HR: Hazard ratio; IPTW: Inverse probability of treatment weighting; KM: Kaplan–Meier; PSM: Propensity score matching.

Series of survival curves showing a scenario where patients who switch treatment are initially healthier but worsen after switching, and how different analysis methods influence the findings. — Figure 4. Kaplan–Meier curves for scenarios where switchers are healthier prior to switching and become sicker after switching because the new treatment does not help.
Continuers plotted in yellow, switchers plotted in blue. KM plots are, respectively, for **(A)** event outcome for pre-switch for the true simulation; **(B)** event outcome for post-switch for the true simulation; **(C)** event outcome in the follow-up period from treatment initiation to follow-up end for the continuers, and from treatment switching to follow-up end for the switchers; **(D)** event outcome for pre-switch period after assigning pseudo-switching time; **(E)** event outcome for post-switch period after assigning pseudo-switching time; **(F)** event outcome similar to scenario in D, but further matched continuers and switchers based on the pseudo-switching time/switching time and event risk pre-switch; **(G)** event outcome similar with scenario in E, but further matched continuers and switchers based on the pseudo-switching time/switching time and risk of pre-switch. **(H)** Event outcome similar to scenario in D, but further weighted continuers and switchers on event risk pre-switch using IPTW; **(I)** event outcome similar with scenario in E, but further weighted continuers and switchers based on the pseudo-switching time/switching time and risk of event pre-switch using IPTW.
HR: Hazard ratio; IPTW: Inverse probability of treatment weighting; KM: Kaplan–Meier; PSM: Propensity score matching.

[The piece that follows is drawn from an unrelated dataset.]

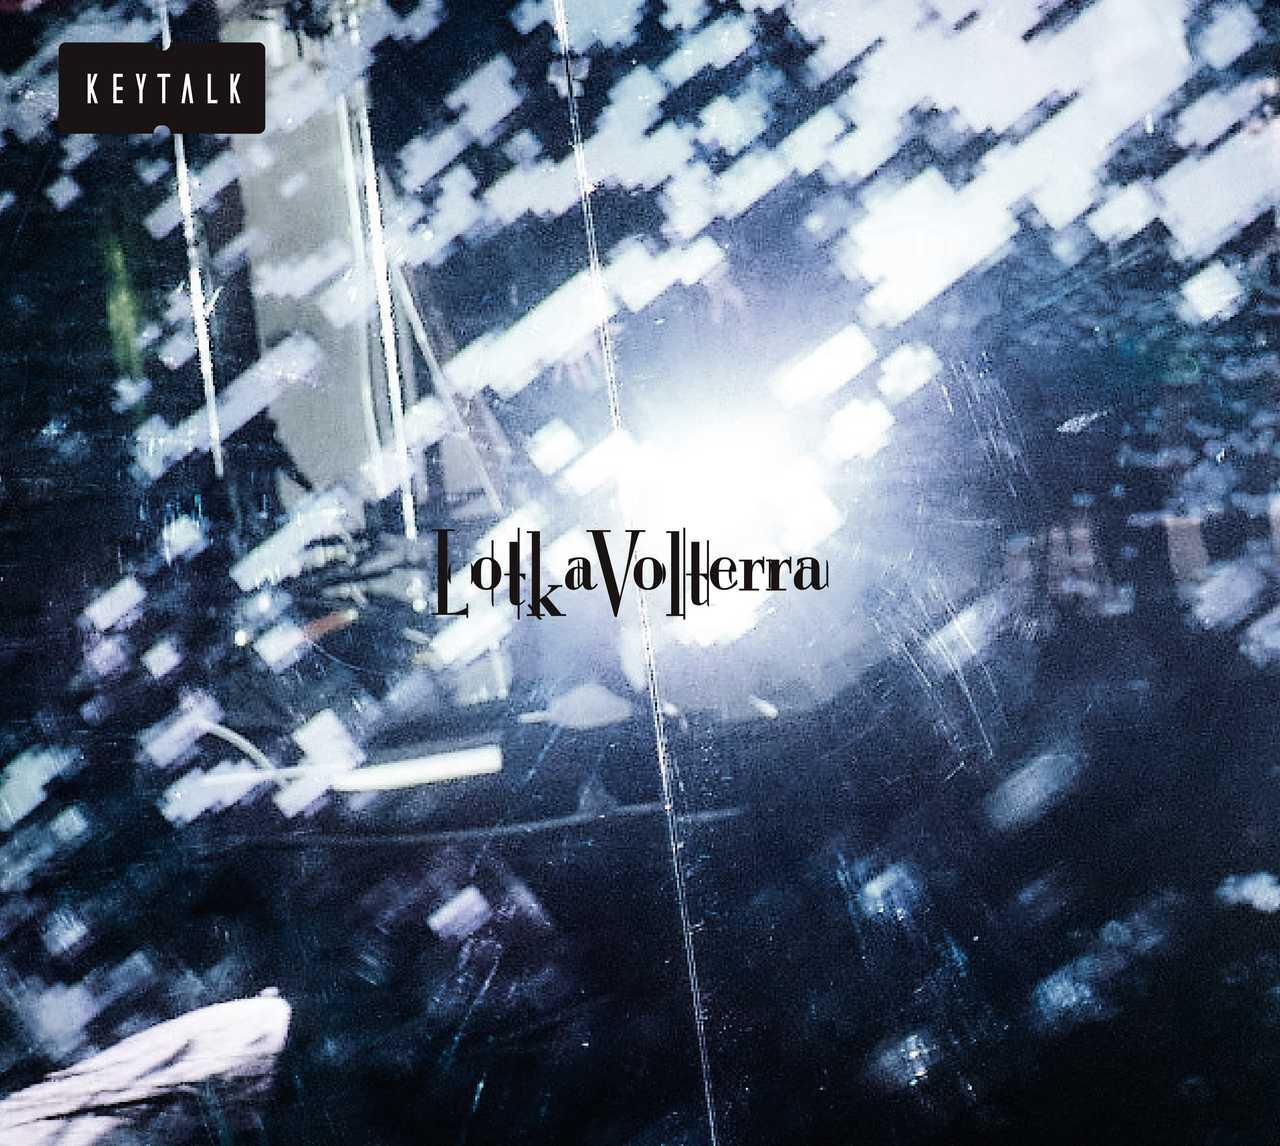 KEYTALK 1/24発売シングル「ロトカ・ヴォルテラ」 MUSIC VIDEOを公開!

For the ‘sicker switchers, treatment helps’ scenario (true HR = 0.7; Figure 3), the KM curves from the true simulated data show that switchers had a higher risk of events than continuers before switching (Figure 3A), consistent with the higher confounder values assigned to switchers. After switching, the KM curves (Figure 3B) show that switchers had a higher event rate than continuers, reflecting the beneficial treatment effect was confounded by the confounders.

When continuers were not assigned pseudo-switching times and were evaluated from treatment initiation (the conventional approach; Figure 3C), the pattern was similar. However, including the pre-switch period introduces a different time period with a different baseline hazard than the post-switch period, which could result in more biased estimates, as shown in the factorial simulation results (Figure 5).

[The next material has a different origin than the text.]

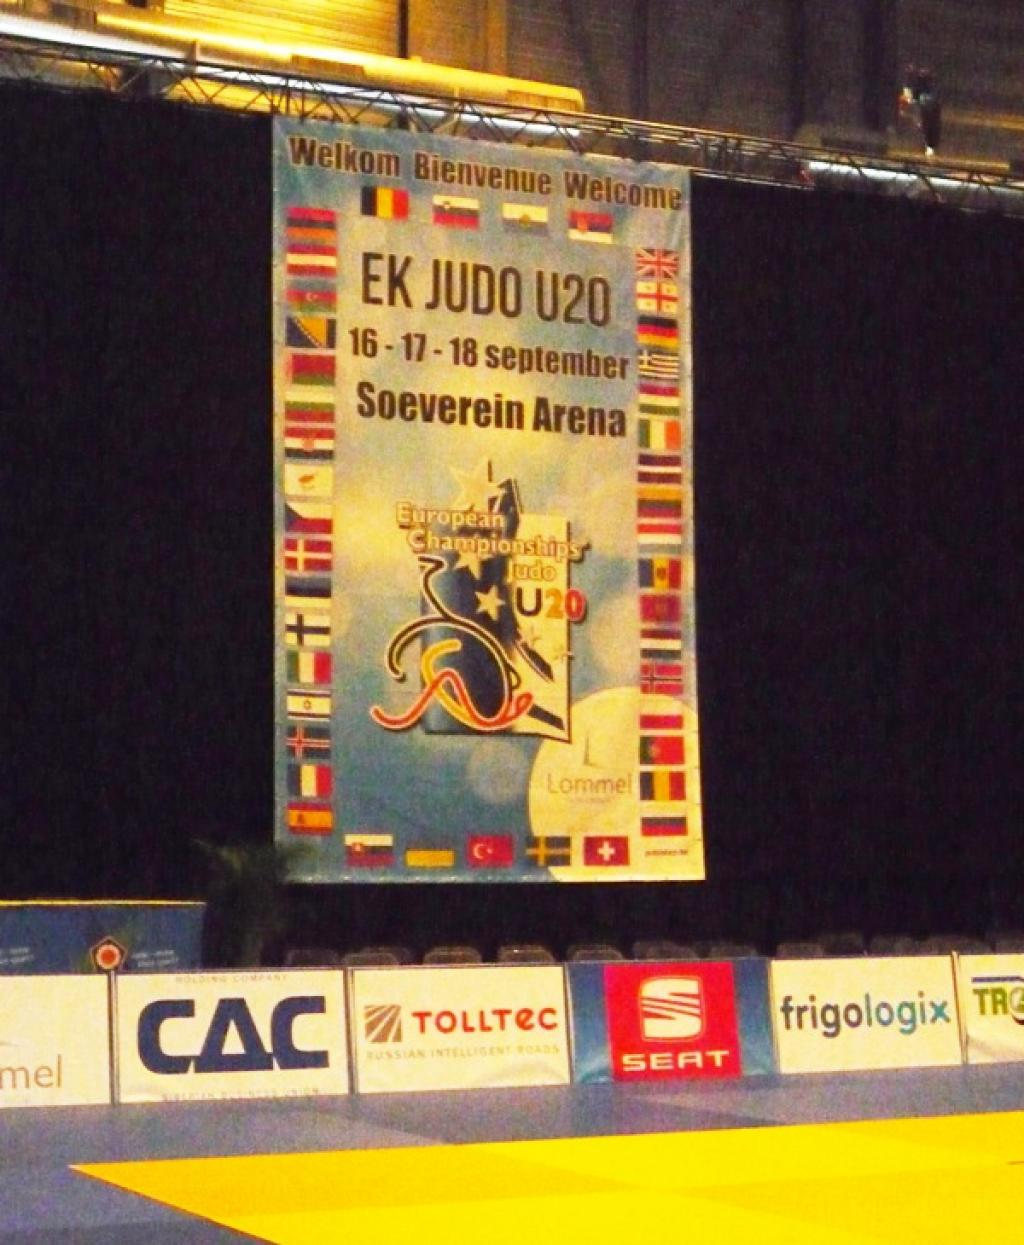 Preview European U20 Championships in Lommel, Belgium

Box plots comparing estimated treatment effects across multiple simulated datasets, showing that the new method produces more accurate results than standard approaches under changing risk conditions. — Figure 5. Distribution of estimated hazard ratios across 100 simulated datasets under the sicker switchers, treatment helps scenario (true HR = 0.7, dashed line).
Columns represent three baseline hazard trends (constant, increasing and decreasing). Five analysis methods are compared: naive (unadjusted), adjusted (Adj), PSM, IPTW and SMR. Orange boxes indicate the conventional approach (continuers evaluated from treatment initiation); blue boxes indicate the SMARTS approach (continuers assigned pseudo-switching times). Each point represents one simulated dataset. Under increasing and decreasing hazard, the conventional approach produces substantially biased estimates, while SMARTS combined with confounder adjustment recovers estimates close to the true HR.
Adj: Adjusted; HR: Hazard ratio; IPTW: Inverse probability of treatment weighting; PSM: Propensity score matching; SMR: Standardized morbidity ratio weighting.

After assigning pseudo-switching times using SMARTS (Figure 3D & E), the pre-switch and post-switch KM curves exhibited a pattern similar to that of the unadjusted data, as confounding between switchers and continuers remained unaddressed by time alignment alone. The benefit of pseudo-switching time assignment became apparent only after additional confounder adjustment. PSM (Figure 3F & G) and inverse probability of treatment weighting (Figure 3H & I) balanced the confounder distribution at the time of switching, and the resulting post-switch survival curves more closely approximated the true treatment effect.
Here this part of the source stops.